DESCRIPTION OF THE TASK => Below is a listing; restate from it, character for character, the lines beginning at the line holding "Harris Tweed Laptop Bag | HB107 Tan Leather" and ending at the line holding "Pepsi Can Logo", both included.

DATA SHOWN =>
BEGIN

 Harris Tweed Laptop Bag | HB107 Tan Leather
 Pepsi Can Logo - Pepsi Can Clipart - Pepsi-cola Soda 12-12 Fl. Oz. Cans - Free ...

END
BEGIN

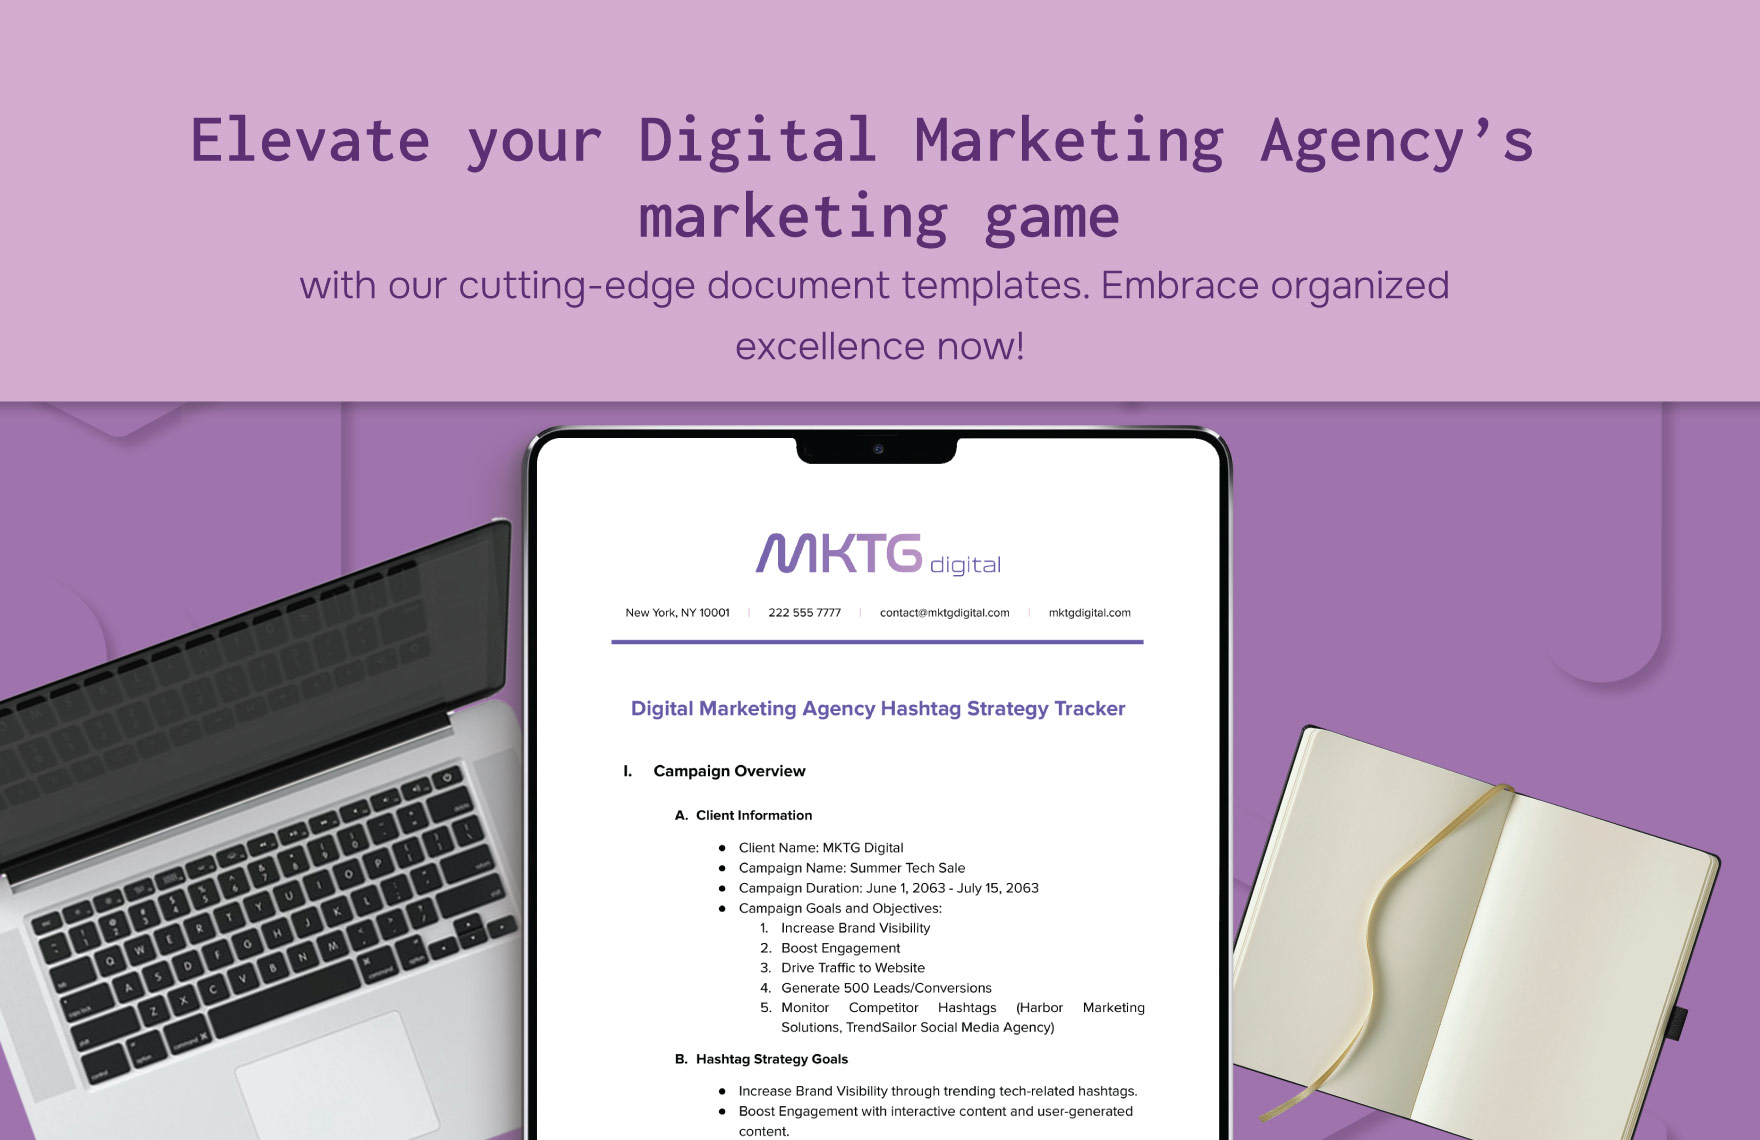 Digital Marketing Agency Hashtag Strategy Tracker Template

END

COMPLETED TASK =>
 Harris Tweed Laptop Bag | HB107 Tan Leather
 Pepsi Can Logo - Pepsi Can Clipart - Pepsi-cola Soda 12-12 Fl. Oz. Cans - Free ...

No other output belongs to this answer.